Nebraska to Vote on Restrictions on Abortion and Transgender Care for Minors
Nebraska lawmakers were expected to vote on Friday on a bill addressing two of the most fraught issues in state legislative sessions around the nation this year: access to abortion and medical care for transgender youth.
During the final days of a session that was notable for vociferous debate and persistent filibustering over the two issues, conservative legislators bundled provisions restricting access to both forms of medical treatment into a single bill. A vote was expected to take place on Friday afternoon in Nebraska’s single-house Legislature, which is nominally nonpartisan but dominated by Republicans.
The merging of the two issues that have consumed many state legislatures this year was largely for practical reasons in Nebraska’s capital: Proponents of limits on abortion and transgender medical treatment were running out of time to push the issues through as stand-alone laws before the session ended.
The blended bill, known as L.B. 574, includes looser restrictions than the original provisions that Republicans sought to pass. Republicans saw it as a compromise, while Democrats were furious about what they saw as a last-minute scramble to revive restrictions on abortion.

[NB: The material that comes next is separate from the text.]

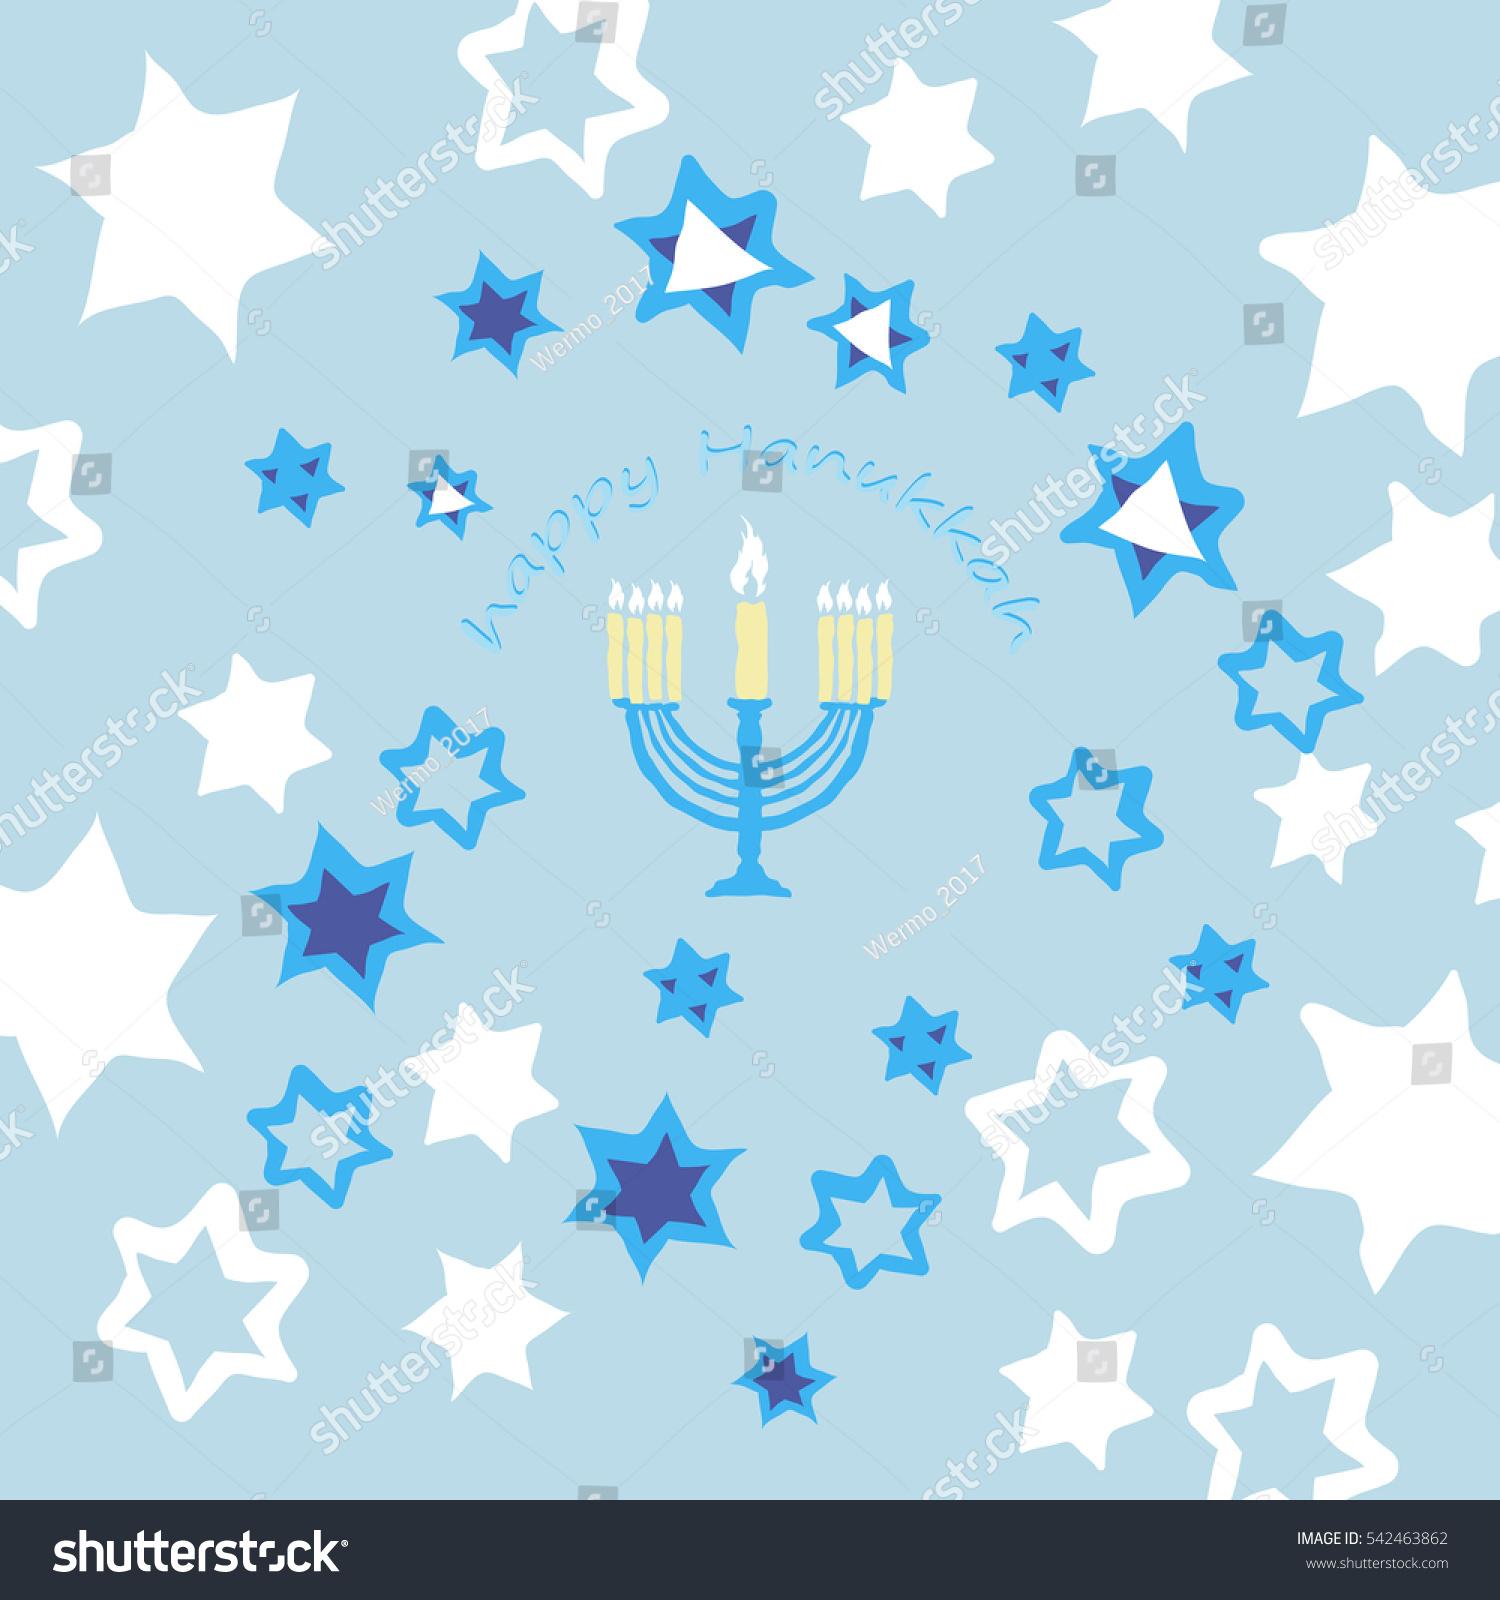 Hanukkah Menorah Star Israel Stock Photo Photo Vector

Nebraska Republicans initially had sought to ban most abortions after six weeks of pregnancy, but that measure failed, and the amended proposal set the limit at 12 weeks. The bill under consideration on Friday includes exceptions for rape, incest and medical emergencies.
An earlier bill on medical treatment for transgender people would have barred minors from receiving puberty blockers, hormone therapy and surgeries. But after extensive debate and back room negotiations, Republicans scaled back their goal to ensure that they would have enough support.
The proposal expected to come to a vote on Friday bans surgeries but calls on the state’s chief medical officer to establish criteria under which puberty blockers and hormone therapy may be administered to people younger than 19. The restriction would be enforced starting Oct. 1.
State Senator Ben Hansen, a Republican who proposed attaching the abortion limit to the bill restricting transgender care, said that neither side would walk away with a clear victory.
“I feel that this is what good government is all about,” Mr. Hansen said. “We listened to what the opposition had to say, pumped the brakes and moved it through in a compromising fashion.”
Democrats in Nebraska’s 49-seat unicameral legislature did not see it that way. They expressed concern that the chief medical officer, who was appointed by the Republican governor, would establish onerous requirements to access puberty blockers and hormones.
“This has the potential to be a back door to a full ban,” said Senator John Fredrickson, a Democrat from Omaha who was among the lawmakers who filibustered for weeks in an effort to block the original transgender bill. “I don’t see this as a compromise in any way, shape or form.”
The bill says that puberty blockers and hormones may be prescribed to patients who have a “long-lasting and intense pattern of gender nonconformity or gender dysphoria which began or worsened at the start of puberty.” It establishes that those treatments may be administered only after a person has attended an unspecified number of psychotherapy sessions.
The bill is the latest in the nation’s fight over reproductive care. Since the Supreme Court overturned Roe v. Wade last June, 14 other states have banned most abortions. Restrictions are being fought in the courts in several states.
Democrats in Nebraska rejoiced last month when the effort to ban abortions after six weeks of pregnancy fell short by a single vote. Senator Merv Riepe, a Republican, deemed the six-week ban too severe, dooming the bill’s passage. Mr. Riepe has signaled support for the proposed 12-week ban and voted in favor of efforts to merge the two issues this week.
Gov. Jim Pillen, a Republican, hailed the move to advance both provisions with a single bill in a statement on Tuesday and thanked lawmakers for standing up “for common-sense, conservative values.” If the bill is approved on Friday, Mr. Pillen said he would sign it into law.
The fight over both issues shattered traditions of civility and bipartisanship in a state where lawmakers have long sought to remain removed from the divisiveness of national politics.
The intensity of the debate this year in Nebraska came partly because the transgender health care ban issue was deeply personal for Democrats. One of the chamber’s liberal lawmakers, Senator Megan Hunt, has a transgender son. During legislative debates, she angrily accused Republican colleagues of seeking to legislate away her parental rights.
Senator Machaela Cavanaugh, a Democrat who led efforts to filibuster to prevent Republicans from passing their original proposal, said those who opposed limits to abortion and transgender health care would continue to fight through the courts and other means. She said that the hard-fought legislative session had galvanized activism in Nebraska.
“I think the only victory in this is that trans people, especially trans youth, are no longer invisible,” she said.